▶ [PROBLEM DETAILS] No pictures in the copy. Write out the listing below exactly.
───── SUPPLIED INFORMATION ─────
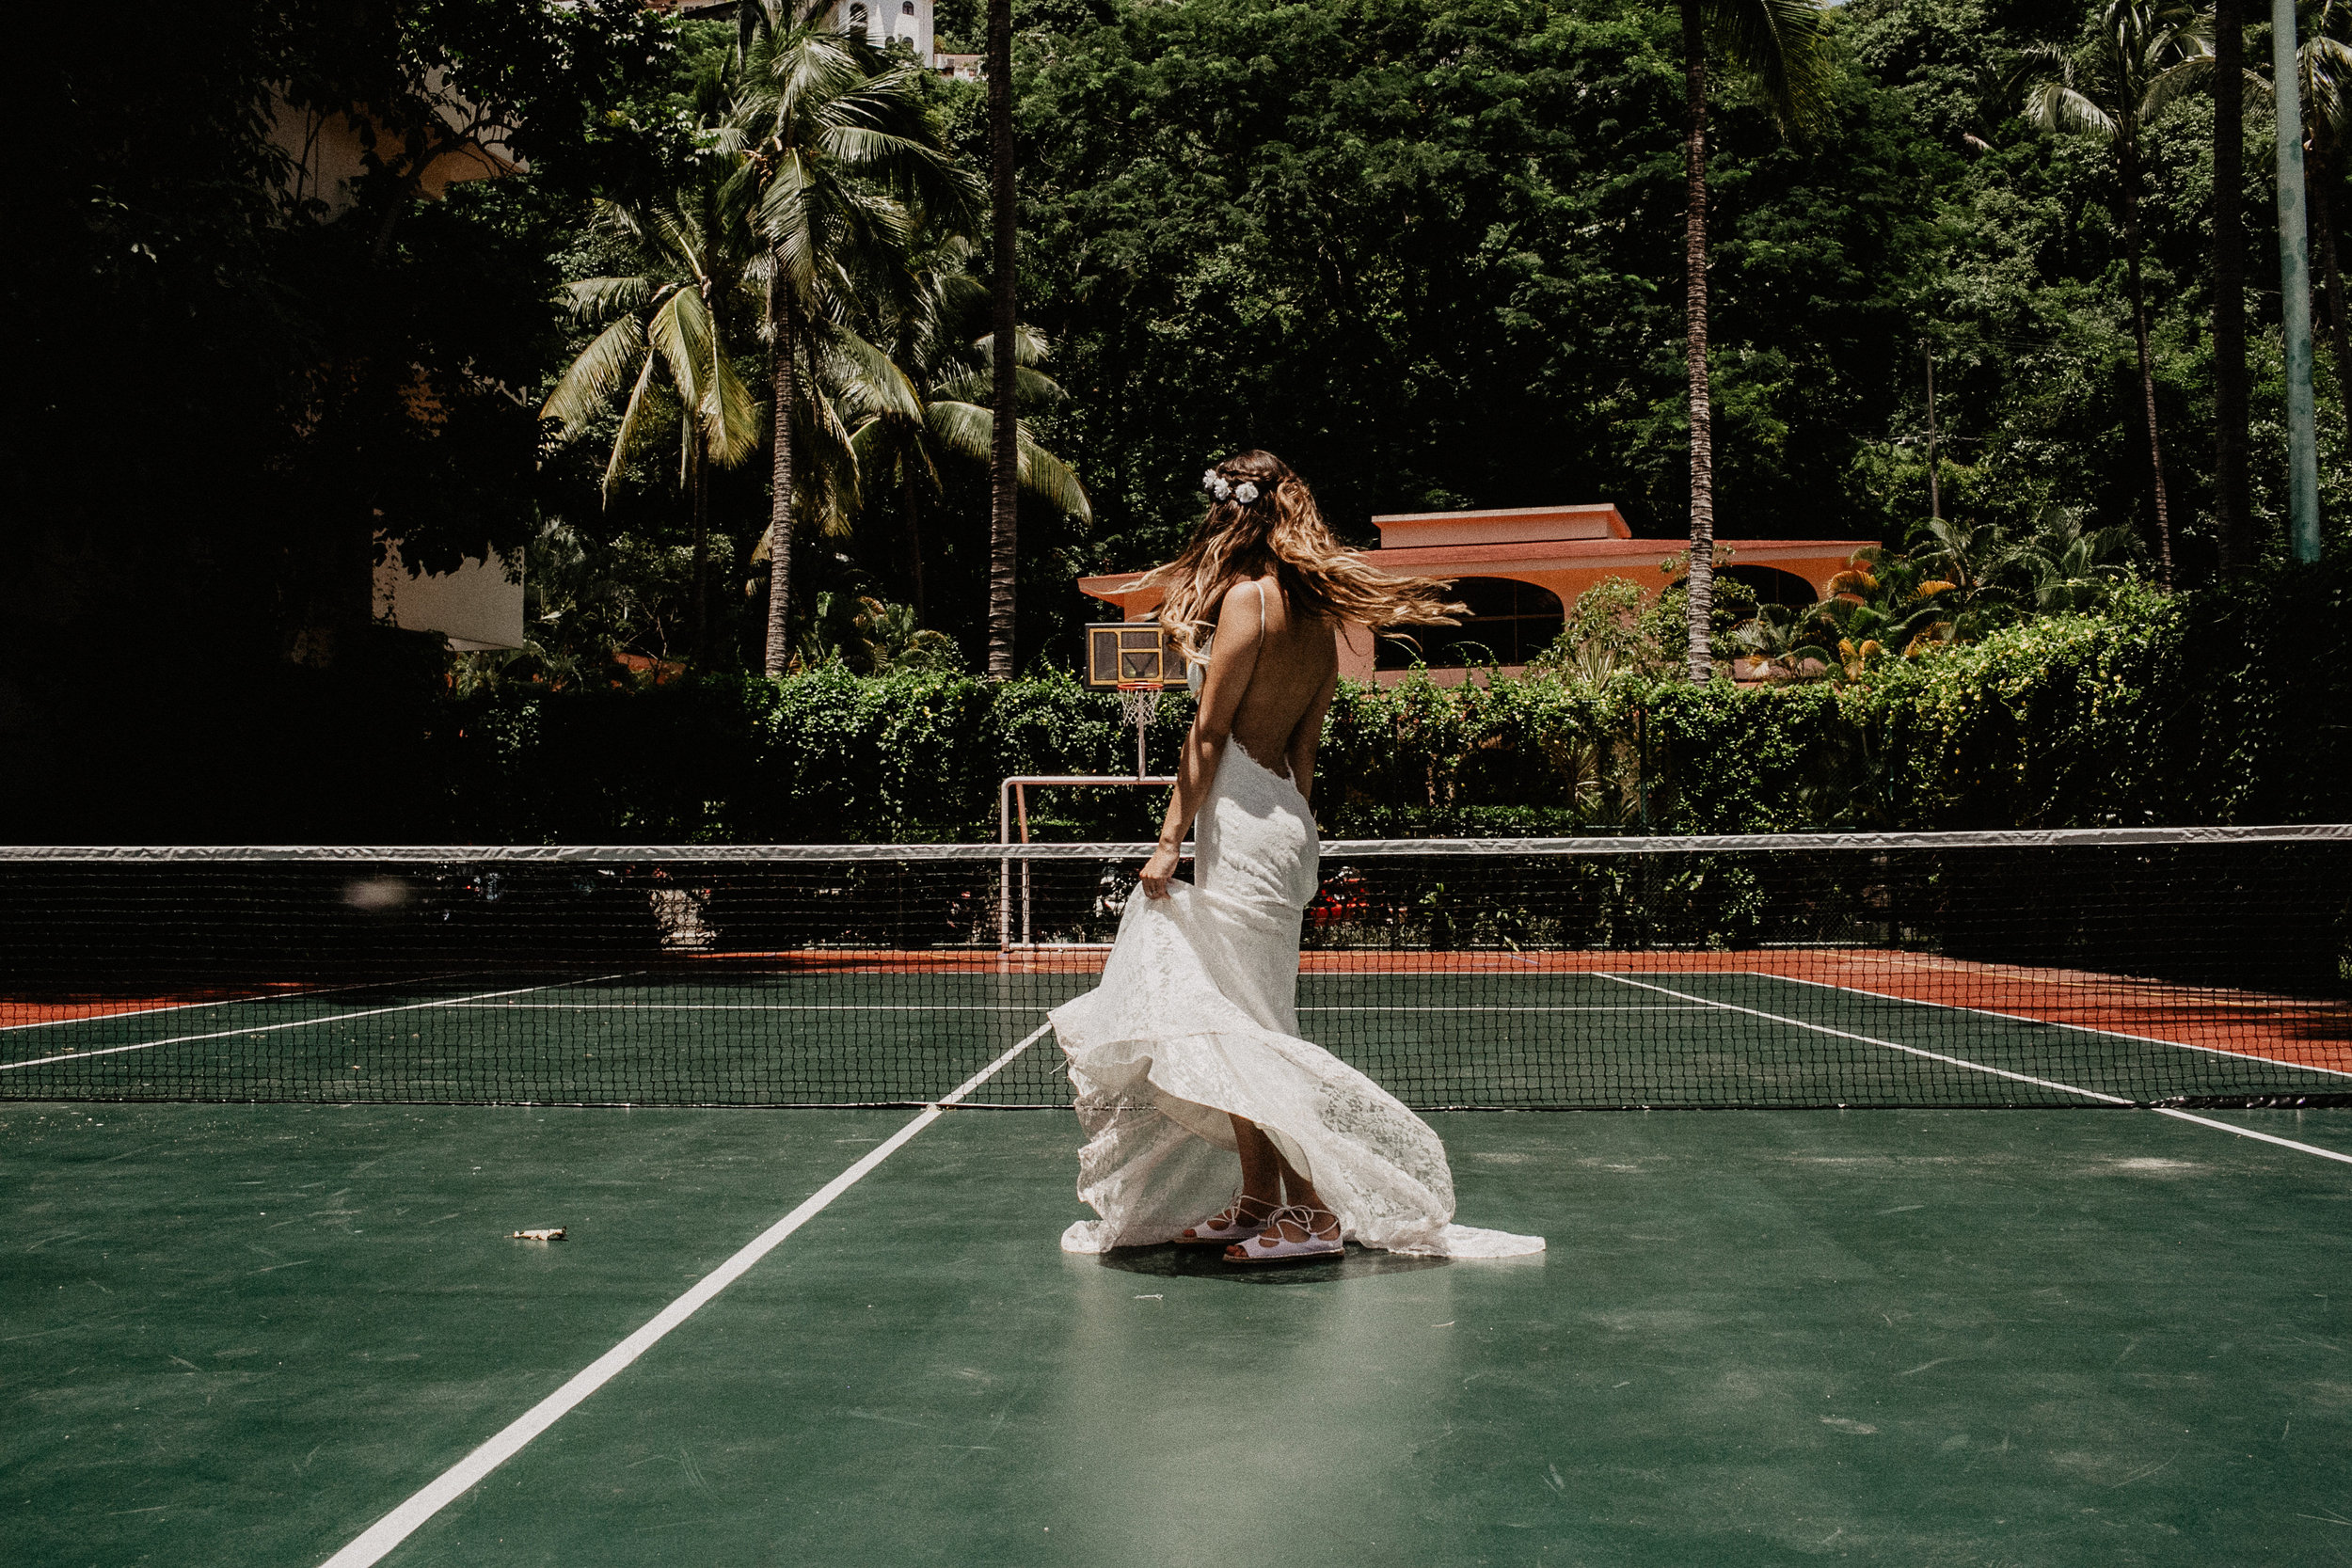 alfonso_flores_destination_wedding_photography_puerto_vallarta_hotel_barcelo_vallarta_cuttler_amela-314.JPG
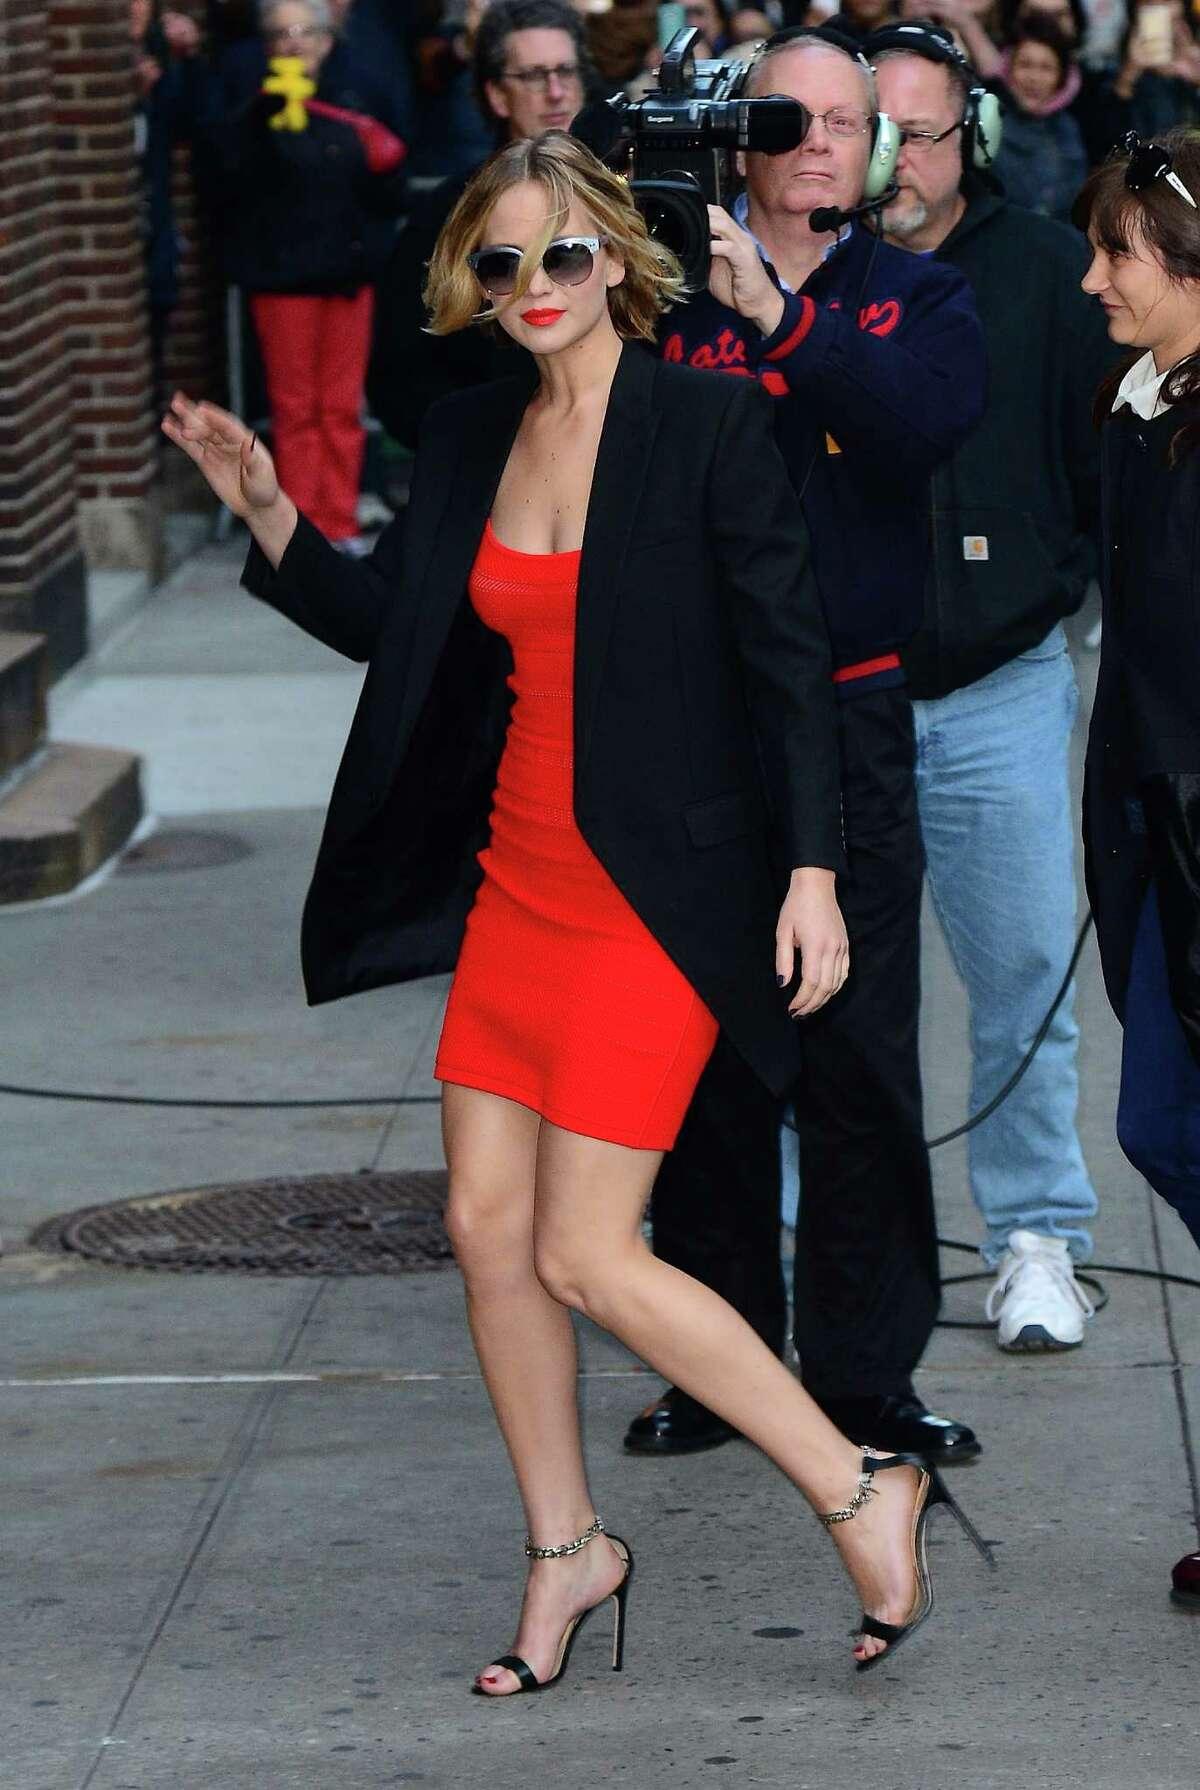 Actress Jennifer Lawrence arrived at
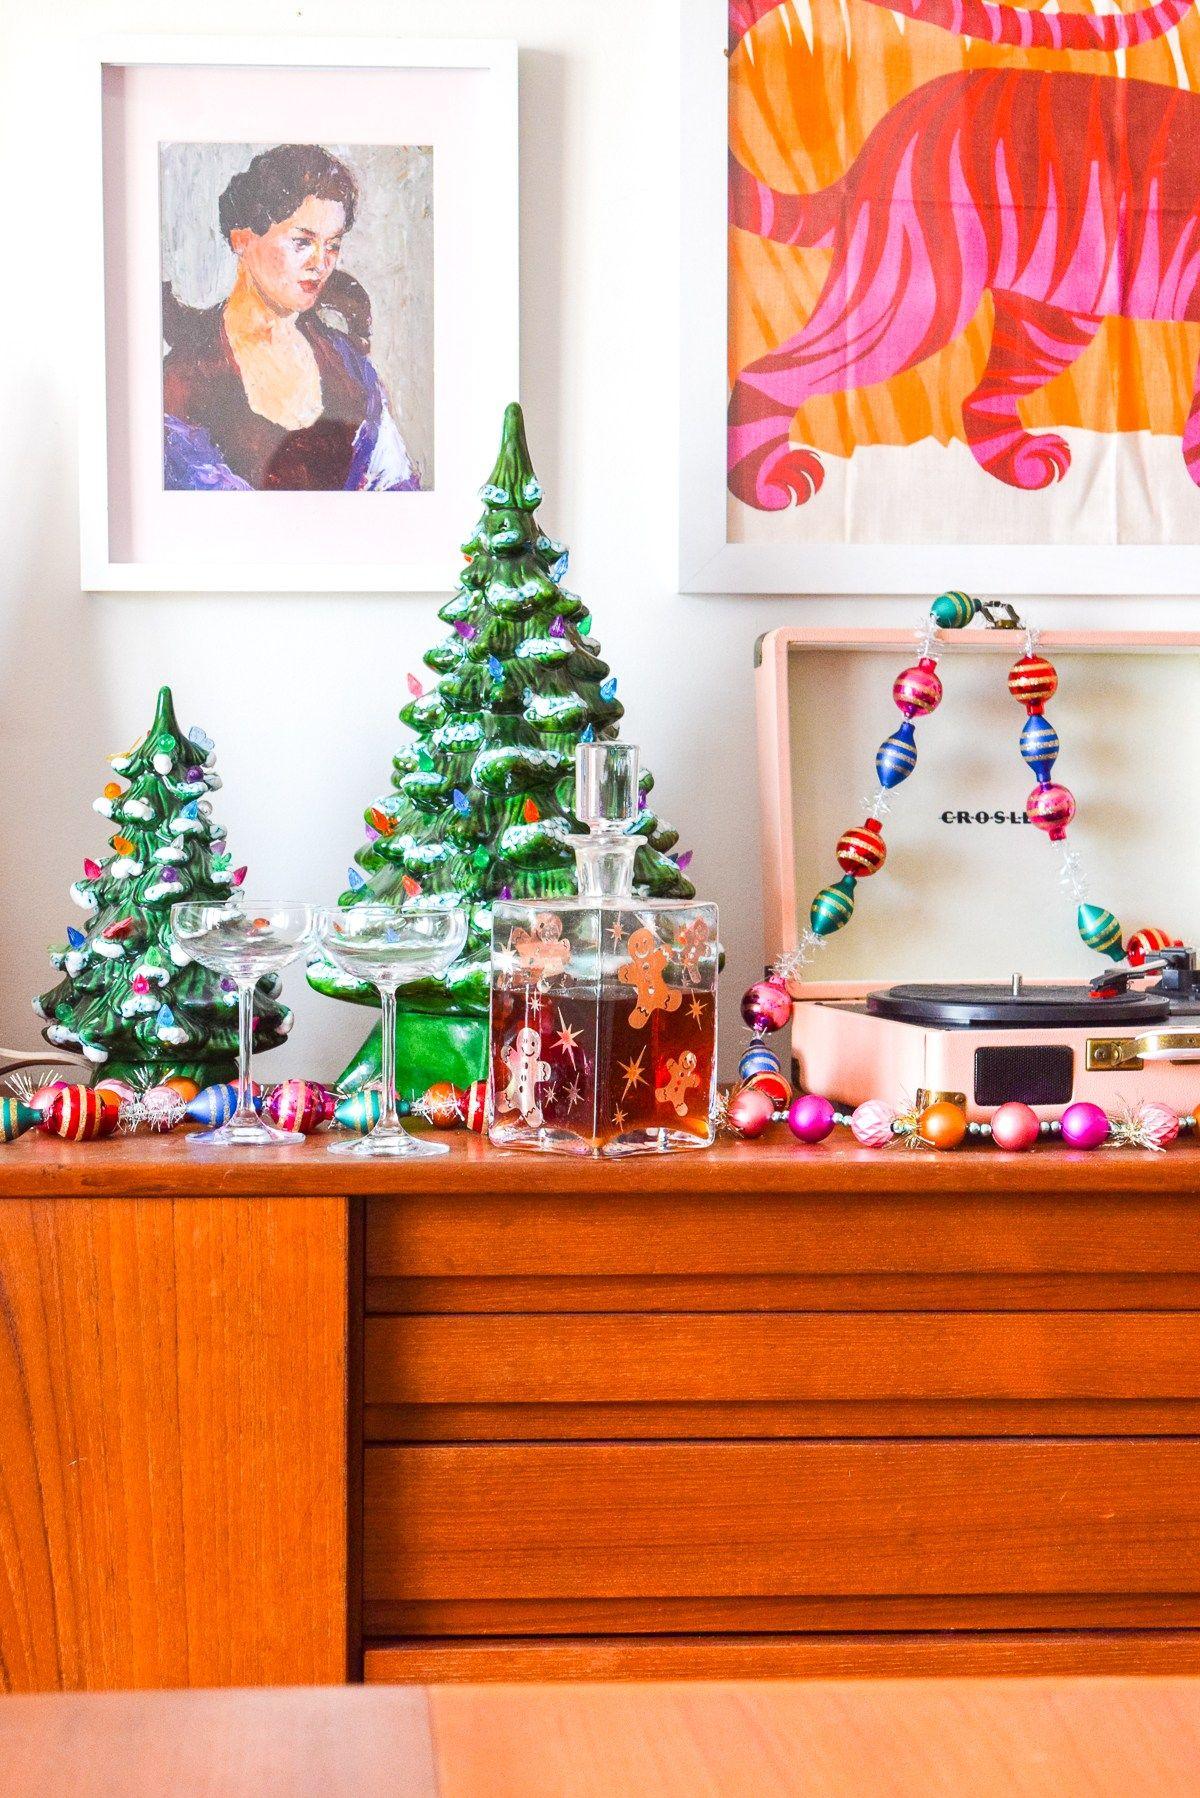 Ceramic Christmas Tree Sideboard Display (With images)   Ceramic christmas trees, Retro ...
─────
▶ [TASK ANSWER]
 alfonso_flores_destination_wedding_photography_puerto_vallarta_hotel_barcelo_vallarta_cuttler_amela-314.JPG
 Actress Jennifer Lawrence arrived at
 Ceramic Christmas Tree Sideboard Display (With images)   Ceramic christmas trees, Retro ...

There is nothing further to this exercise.